A/B Testing a backend ML model¶
This tutorial describes how to do A/B testing of a backend ML model hosted on KServe using the Iter8 SDK. In this tutorial, communication with the model is via HTTP calls.
Before you begin
- Ensure that you have a Kubernetes cluster and the
kubectl
andhelm
CLIs. You can create a local Kubernetes cluster using tools like Kind or Minikube. - Have access to a cluster running KServe. You can create a KServe Quickstart environment as follows:
curl -s "https://raw.githubusercontent.com/kserve/kserve/release-0.11/hack/quick_install.sh" | bash
- Have Grafana available. For example, Grafana can be installed on your cluster as follows:
kubectl create deploy grafana --image=grafana/grafana kubectl expose deploy grafana --port=3000
Install the Iter8 controller¶
helm install --repo https://iter8-tools.github.io/iter8 --version 0.1.12 iter8 controller
helm install --repo https://iter8-tools.github.io/iter8 --version 0.1.12 iter8 controller \
--set clusterScoped=true
kubectl apply -k 'https://github.com/iter8-tools/iter8.git/kustomize/controller/namespaceScoped?ref=v0.17.1'
kubectl apply -k 'https://github.com/iter8-tools/iter8.git/kustomize/controller/clusterScoped?ref=v0.17.1'
Deploy the sample application¶
A sample application using the Iter8 SDK is provided. Deploy both the frontend and backend components of this application as described in each tab:
kubectl create deployment frontend --image=kalantar/abn-sample-kserve-http-frontend-go:0.17.2
kubectl expose deployment frontend --name=frontend --port=8090
The frontend component is implemented to call the Iter8 SDK method Lookup()
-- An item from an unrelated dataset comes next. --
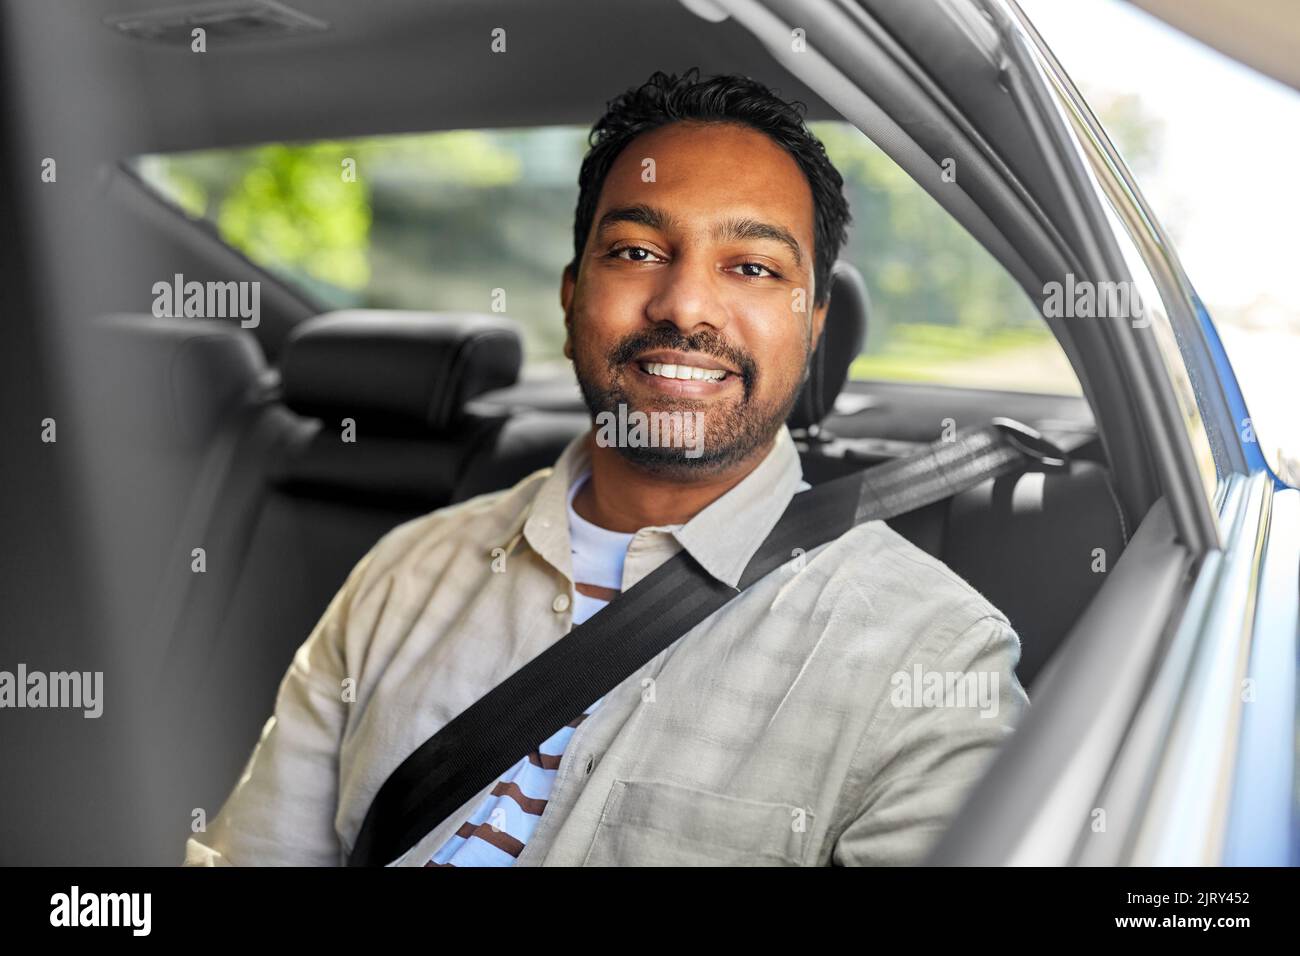 smiling indian male passenger in taxi car Stock Photo

before each call to the backend ML model. The frontend component uses the returned version number to route the request to the recommended version of the model.
The backend application component is an ML model. Deploy the primary version of the model using an InferenceService
:
cat <<EOF | kubectl apply -f -
apiVersion: "serving.kserve.io/v1beta1"
kind: "InferenceService"
metadata:
name: backend-0
labels:
app.kubernetes.io/name: backend
app.kubernetes.io/version: v0
iter8.tools/watch: "true"
spec:
predictor:
model:
modelFormat:
name: sklearn
runtime: kserve-mlserver
storageUri: "gs://seldon-models/sklearn/mms/lr_model"
EOF
About the primary InferenceService
The base name (backend
) and version (v0
) are identified using the labels app.kubernets.io/name
and app.kubernets.io/version
, respectively. These labels are not required.
Naming the instance with the suffix -0
(and the candidate with the suffix -1
) simplifies describing the application (see below). However, any name can be specified.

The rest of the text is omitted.